Une étude rapportant l’utilisation d’un dispositif modifié et offrant la possibilité de moduler la dose en fonction de la PIO et du type de glaucome a été présentée. Une baisse pressionnelle voisine de 35% avec des taux de succès de 75% à 1 an a été rapportée. Cette méthode peut être proposée en alternative à une cycloplastie au laser diode micropulsé.
Traitements chirurgicaux du glaucome : quelles nouveautés ?
Trois dispositifs de chirurgie micro-invasive du glaucome (MIGS) sont disponibles à ce jour sur le marché français. Leurs caractéristiques et indications ont été abordées lors du congrès de la SFO 2022.
Xen
Le drain Xen (laboratoires Allergan) est posé par voie ab interno et draine l’humeur aqueuse sous la conjonctive. Le geste chirurgical est aisé. Le taux de fibrose de la bulle est en revanche significatif, estimé de 25 à 35% dans l’année suivant l’implantation. La pose de ce drain doit donc être préférée lorsque la conjonctive est de bonne qualité, fine et non fibrosée ou hyperémiée. Le suivi postopératoire doit être régulier et attentif. Une corticothérapie prolongée (plusieurs mois) doit être envisagée de façon à limiter la prolifération des fibroblastes sous la conjonctive et le risque de fibrose de la bulle.
iStent
Le drain iStent (laboratoires Glaukos) est disponible depuis peu en France sous une forme modernisée, appelée iStent Inject et composée de 2 micro-implants métalliques implantés par voie interne dans le trabéculum, de façon à drainer l’humeur aqueuse de la chambre antérieure vers le canal de Schlemm. Ce drain bénéficie d’une cotation dédiée (acte CCAM) et est remboursé lorsqu’il est utilisé en combinaison avec une chirurgie de la cataracte. Il est souvent mis en œuvre dans le cas d’un glaucome débutant ou modéré chez un patient présentant une cataracte d’indication opératoire et permet un allégement ou un arrêt des collyres antiglaucomateux, avec souvent une amélioration consécutive de l’état de la surface oculaire et, en corolaire, une amélioration de la qualité de vie des patients.
MicroShunt Preserflo (laboratoires Santen)

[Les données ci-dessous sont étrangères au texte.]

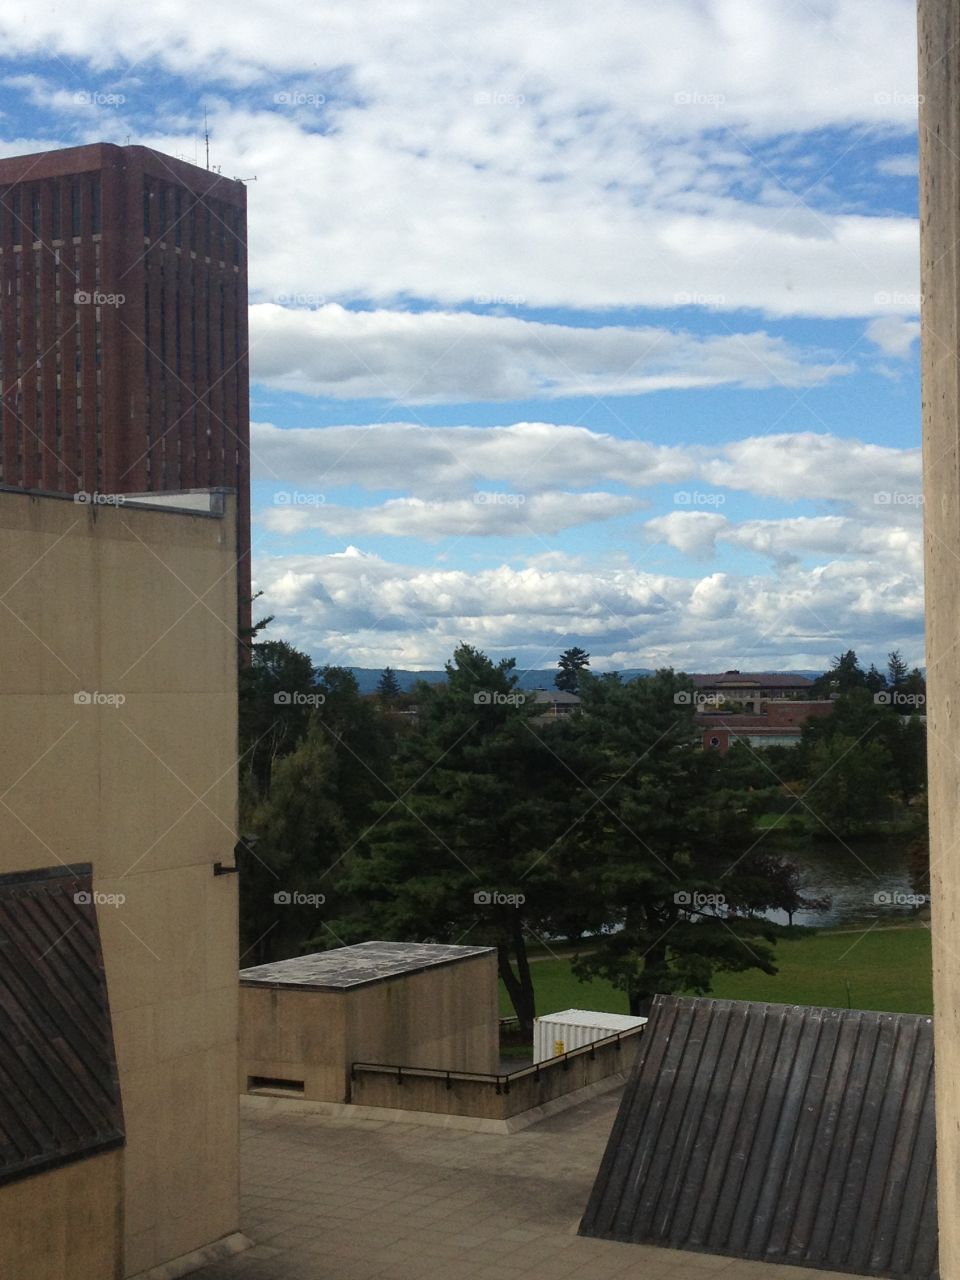 Blue skies as seen from the UMass Fine Art Center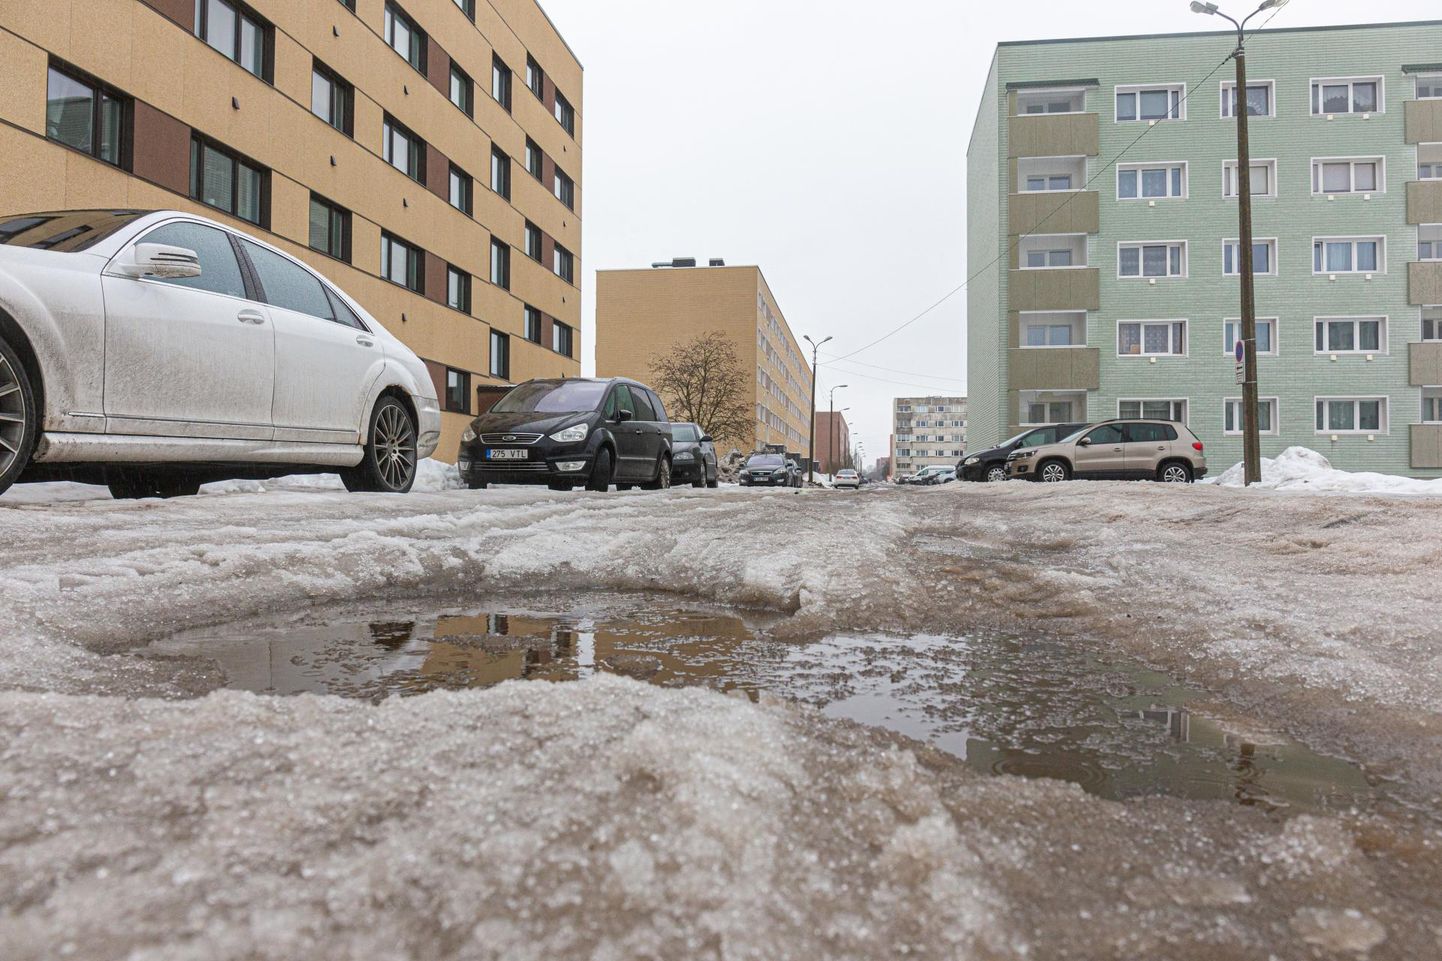 Viljandi tänavate seisukord on keeruline ning mitmel pool on jäässe tekkinud augud.

Le drain Preserflo est posé par voie externe et draine l’humeur aqueuse de la chambre antérieure jusqu’aux espaces sous-conjonctivaux. Les résultats publiés montrent une efficacité importante et un taux de fibrose de la bulle de filtration moindre qu’avec les autres techniques micro-invasives (10 à 15% des yeux implantés à 1-2 ans). Il peut donc probablement être proposé en alternative aux chirurgies filtrantes conventionnelles sclérectomie et trabéculectomie. Il est utilisable en procédure isolée ou en combinaison avec une chirurgie de la cataracte. Les drains suprachoroïdiens en cours de développement ont été présentés, ils ont pour avantage de permettre une évacuation de l’humeur aqueuse en dehors de l’œil indépendamment de l’état de la conjonctive et du nombre de chirurgies filtrantes préalablement réalisées. Ils ne sont pas encore disponibles à ce jour en pratique courante en France.